*Work order*
Output the entire listing that follows verbatim.

*Given information*
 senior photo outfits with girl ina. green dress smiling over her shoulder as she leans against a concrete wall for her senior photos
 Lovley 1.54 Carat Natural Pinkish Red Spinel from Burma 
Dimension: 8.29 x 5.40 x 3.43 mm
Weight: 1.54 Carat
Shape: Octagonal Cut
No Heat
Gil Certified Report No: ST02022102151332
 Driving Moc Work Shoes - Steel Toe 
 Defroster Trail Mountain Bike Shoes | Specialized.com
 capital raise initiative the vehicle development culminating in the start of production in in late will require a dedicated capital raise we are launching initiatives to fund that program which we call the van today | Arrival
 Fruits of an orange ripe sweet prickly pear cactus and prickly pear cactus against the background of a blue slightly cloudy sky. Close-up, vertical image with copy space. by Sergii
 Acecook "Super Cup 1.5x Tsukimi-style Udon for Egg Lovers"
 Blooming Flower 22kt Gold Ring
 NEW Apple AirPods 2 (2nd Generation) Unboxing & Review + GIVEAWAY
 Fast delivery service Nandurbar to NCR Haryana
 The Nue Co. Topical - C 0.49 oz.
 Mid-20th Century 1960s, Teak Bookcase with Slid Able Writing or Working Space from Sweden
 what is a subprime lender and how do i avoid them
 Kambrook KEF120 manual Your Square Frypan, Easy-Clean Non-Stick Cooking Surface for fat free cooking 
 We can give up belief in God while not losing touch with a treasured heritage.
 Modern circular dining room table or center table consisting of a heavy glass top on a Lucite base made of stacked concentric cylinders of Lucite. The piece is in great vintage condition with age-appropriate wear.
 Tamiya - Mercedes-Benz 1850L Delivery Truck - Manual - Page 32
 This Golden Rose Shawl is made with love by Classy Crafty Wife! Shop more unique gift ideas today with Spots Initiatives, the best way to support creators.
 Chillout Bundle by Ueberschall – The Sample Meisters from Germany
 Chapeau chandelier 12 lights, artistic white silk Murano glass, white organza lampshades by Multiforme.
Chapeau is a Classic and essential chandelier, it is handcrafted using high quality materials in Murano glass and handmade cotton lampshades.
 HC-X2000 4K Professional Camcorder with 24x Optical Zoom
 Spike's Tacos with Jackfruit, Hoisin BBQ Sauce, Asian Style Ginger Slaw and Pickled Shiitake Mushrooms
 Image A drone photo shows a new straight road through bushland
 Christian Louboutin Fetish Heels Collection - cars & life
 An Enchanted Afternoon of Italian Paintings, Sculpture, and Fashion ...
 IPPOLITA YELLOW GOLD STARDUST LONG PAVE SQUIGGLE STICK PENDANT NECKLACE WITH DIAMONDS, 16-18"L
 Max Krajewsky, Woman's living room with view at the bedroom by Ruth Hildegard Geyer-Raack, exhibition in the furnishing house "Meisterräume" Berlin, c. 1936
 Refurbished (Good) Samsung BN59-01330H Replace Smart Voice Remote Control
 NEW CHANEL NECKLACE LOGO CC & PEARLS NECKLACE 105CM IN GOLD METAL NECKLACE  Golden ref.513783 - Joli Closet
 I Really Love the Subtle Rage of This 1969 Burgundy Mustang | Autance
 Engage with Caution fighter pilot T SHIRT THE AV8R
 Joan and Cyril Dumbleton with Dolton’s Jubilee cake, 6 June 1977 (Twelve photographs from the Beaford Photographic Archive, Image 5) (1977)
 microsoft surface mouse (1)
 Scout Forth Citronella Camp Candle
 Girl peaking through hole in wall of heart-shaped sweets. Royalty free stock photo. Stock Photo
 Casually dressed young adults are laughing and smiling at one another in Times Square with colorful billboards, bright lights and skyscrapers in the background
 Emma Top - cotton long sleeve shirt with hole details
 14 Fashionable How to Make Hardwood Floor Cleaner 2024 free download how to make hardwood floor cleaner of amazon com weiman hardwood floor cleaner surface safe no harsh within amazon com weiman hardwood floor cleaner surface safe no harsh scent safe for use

*Response*
 senior photo outfits with girl ina. green dress smiling over her shoulder as she leans against a concrete wall for her senior photos
 Lovley 1.54 Carat Natural Pinkish Red Spinel from Burma 
Dimension: 8.29 x 5.40 x 3.43 mm
Weight: 1.54 Carat
Shape: Octagonal Cut
No Heat
Gil Certified Report No: ST02022102151332
 Driving Moc Work Shoes - Steel Toe 
 Defroster Trail Mountain Bike Shoes | Specialized.com
 capital raise initiative the vehicle development culminating in the start of production in in late will require a dedicated capital raise we are launching initiatives to fund that program which we call the van today | Arrival
 Fruits of an orange ripe sweet prickly pear cactus and prickly pear cactus against the background of a blue slightly cloudy sky. Close-up, vertical image with copy space. by Sergii
 Acecook "Super Cup 1.5x Tsukimi-style Udon for Egg Lovers"
 Blooming Flower 22kt Gold Ring
 NEW Apple AirPods 2 (2nd Generation) Unboxing & Review + GIVEAWAY
 Fast delivery service Nandurbar to NCR Haryana
 The Nue Co. Topical - C 0.49 oz.
 Mid-20th Century 1960s, Teak Bookcase with Slid Able Writing or Working Space from Sweden
 what is a subprime lender and how do i avoid them
 Kambrook KEF120 manual Your Square Frypan, Easy-Clean Non-Stick Cooking Surface for fat free cooking 
 We can give up belief in God while not losing touch with a treasured heritage.
 Modern circular dining room table or center table consisting of a heavy glass top on a Lucite base made of stacked concentric cylinders of Lucite. The piece is in great vintage condition with age-appropriate wear.
 Tamiya - Mercedes-Benz 1850L Delivery Truck - Manual - Page 32
 This Golden Rose Shawl is made with love by Classy Crafty Wife! Shop more unique gift ideas today with Spots Initiatives, the best way to support creators.
 Chillout Bundle by Ueberschall – The Sample Meisters from Germany
 Chapeau chandelier 12 lights, artistic white silk Murano glass, white organza lampshades by Multiforme.
Chapeau is a Classic and essential chandelier, it is handcrafted using high quality materials in Murano glass and handmade cotton lampshades.
 HC-X2000 4K Professional Camcorder with 24x Optical Zoom
 Spike's Tacos with Jackfruit, Hoisin BBQ Sauce, Asian Style Ginger Slaw and Pickled Shiitake Mushrooms
 Image A drone photo shows a new straight road through bushland
 Christian Louboutin Fetish Heels Collection - cars & life
 An Enchanted Afternoon of Italian Paintings, Sculpture, and Fashion ...
 IPPOLITA YELLOW GOLD STARDUST LONG PAVE SQUIGGLE STICK PENDANT NECKLACE WITH DIAMONDS, 16-18"L
 Max Krajewsky, Woman's living room with view at the bedroom by Ruth Hildegard Geyer-Raack, exhibition in the furnishing house "Meisterräume" Berlin, c. 1936
 Refurbished (Good) Samsung BN59-01330H Replace Smart Voice Remote Control
 NEW CHANEL NECKLACE LOGO CC & PEARLS NECKLACE 105CM IN GOLD METAL NECKLACE  Golden ref.513783 - Joli Closet
 I Really Love the Subtle Rage of This 1969 Burgundy Mustang | Autance
 Engage with Caution fighter pilot T SHIRT THE AV8R
 Joan and Cyril Dumbleton with Dolton’s Jubilee cake, 6 June 1977 (Twelve photographs from the Beaford Photographic Archive, Image 5) (1977)
 microsoft surface mouse (1)
 Scout Forth Citronella Camp Candle
 Girl peaking through hole in wall of heart-shaped sweets. Royalty free stock photo. Stock Photo
 Casually dressed young adults are laughing and smiling at one another in Times Square with colorful billboards, bright lights and skyscrapers in the background
 Emma Top - cotton long sleeve shirt with hole details
 14 Fashionable How to Make Hardwood Floor Cleaner 2024 free download how to make hardwood floor cleaner of amazon com weiman hardwood floor cleaner surface safe no harsh within amazon com weiman hardwood floor cleaner surface safe no harsh scent safe for use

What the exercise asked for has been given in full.